Our client, a worldwide silicon wafer production leader, partnered with many of the world’s foremost chip manufacturers. The company operates manufacturing facilities throughout Europe, Asia, and the United States.
Our client was experiencing problems with capacity at three of their key plants located in Oregon, Japan, and Singapore. With increased customer demand and the bottom line not supportive of any capital investment the company needed to increase output from the sites with the existing infrastructure in order to meet demand and keep manufacturing costs competitive with the highly competitive global marketplace. The company contracted with Tefen to benchmark the production lines of both the 200mm and 400mm wafers, and design a solution that would meet client demands without relying on new equipment or technology. The overall goal of the project was to increase Overall Equipment Effectiveness (OEE) at each of the designated sites.
How Tefen Helped
Tefen conducted a Scoping at each of the three sites to increase output without purchasing additional equipment.
Tefen began its engagement with a week-long analysis of the wafer lines at each of the production facilities.
This process quickly unveiled a synergistic problem common throughout: Scrap and rework were deemed to be the largest inhibitor of increasing capacity.
This was followed by over-automation which further disallowed the plants from increasing output.
During the 2nd half of the week, line experiments were conducted to insure the proposed solutions would yield the expected results.
The test proved the solutions feasible and plans were developed and put in place to achieve future state goals.
Although the assignment began as a simple OEE project, Tefen’s analysis utilized all three components of OEE: quality, scheduling, and machine availability (unplanned maintenance).
Through the project team’s analysis, Tefen further identified a number of additional process constraints and associated remedies.
Constraints were found in the following areas: Robotic asynchronization, Wafer introduction, Unit unavailability, Product design, and Quality.

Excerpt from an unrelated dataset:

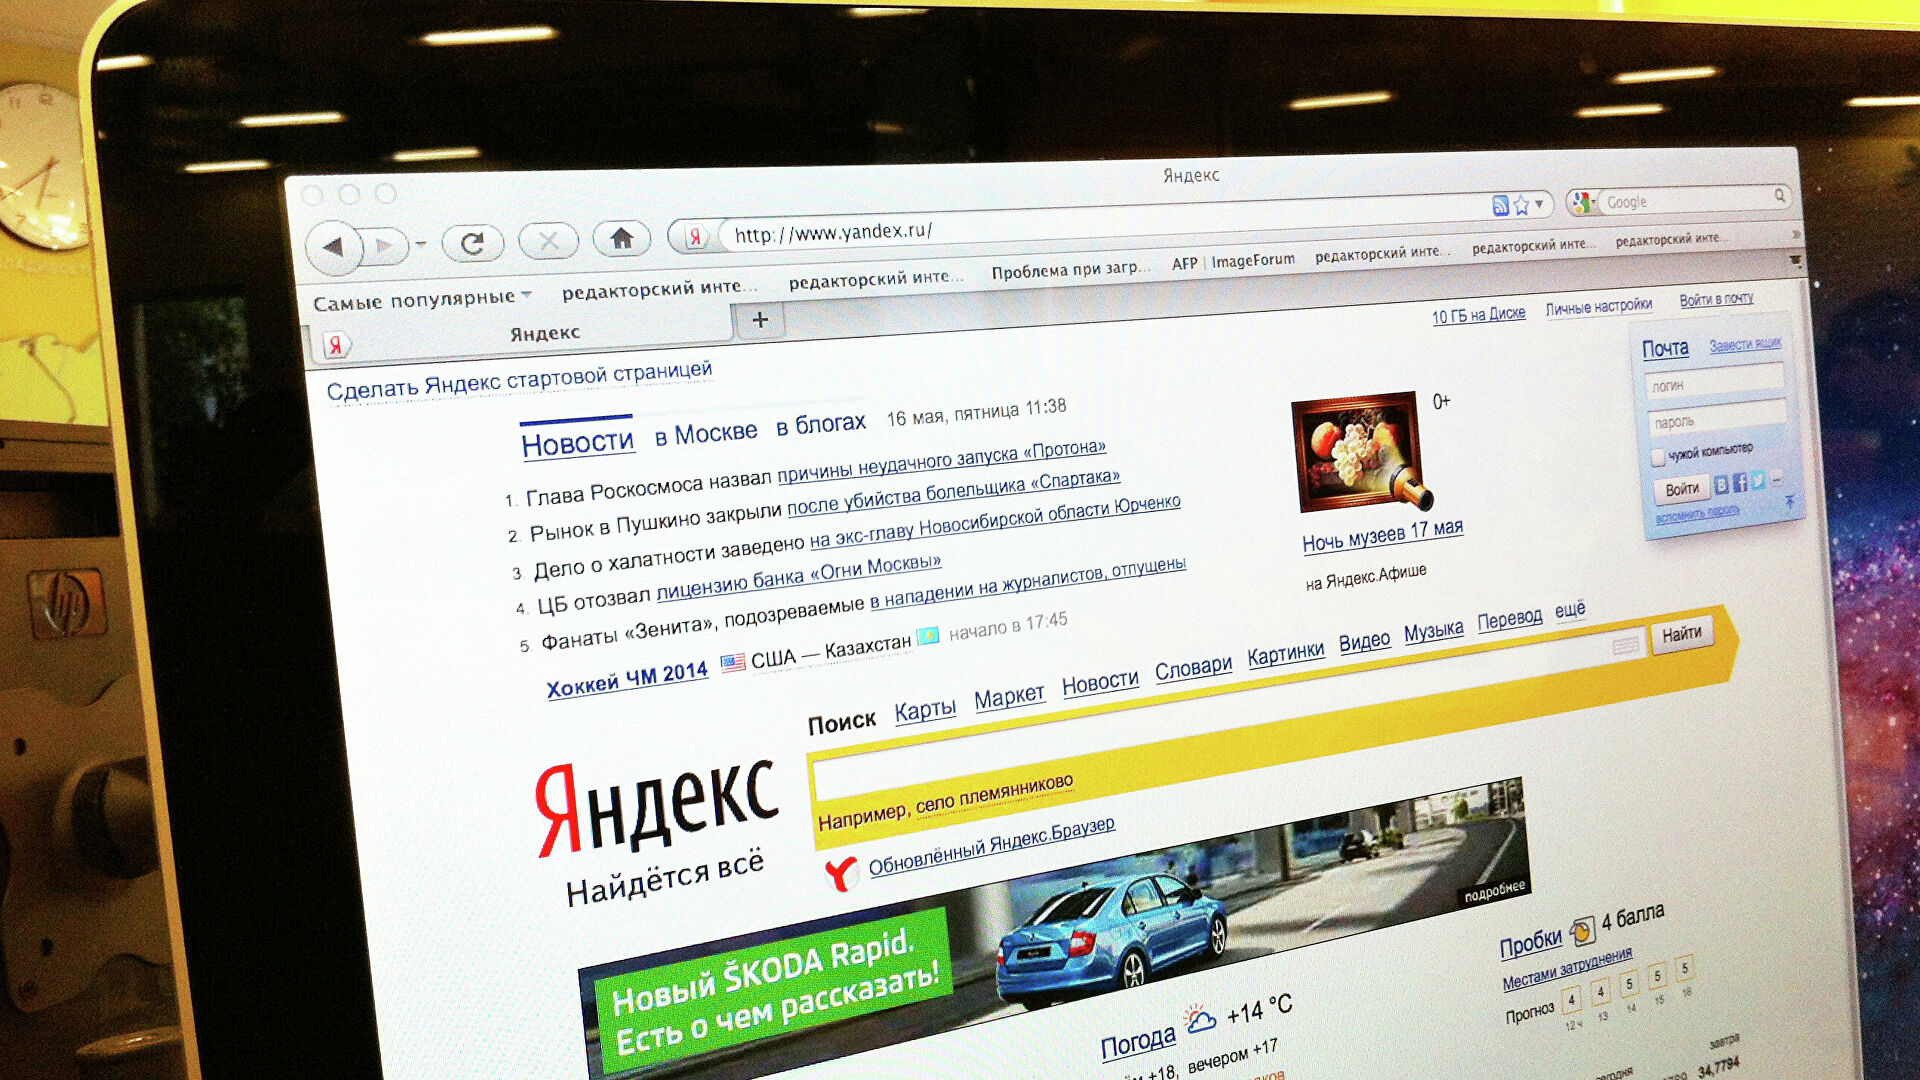 ФАС завела дело против “Яндекса” из-за дискриминации сторонних сервисов

Performance Excellence Delivered
At the end of the engagement each of these segments stood as prime opportunities for the company to achieve their goals of increased wafer production and meeting the demands of their customers.
After all constraints and inefficiencies revealed, Tefen ultimately made possible several million dollars’ worth of savings for the company, whilst deferring any capital investments through 2010.
At the end of the engagement, the client was able to impact “top line” savings by $3.1M - $3.6M per month by 2007 and$2.1M - $2.8M per month in 2008.
The client saw an increase in production of 51,297 units in 2007 and 34,198 units in 2008.
In 2007 the client was able to see 8,477 units of core manufacturing and 12,716 units in 2008.
In 2007 the client was able to increase their capacity to 59,774 units and in 2008, 46,914 units.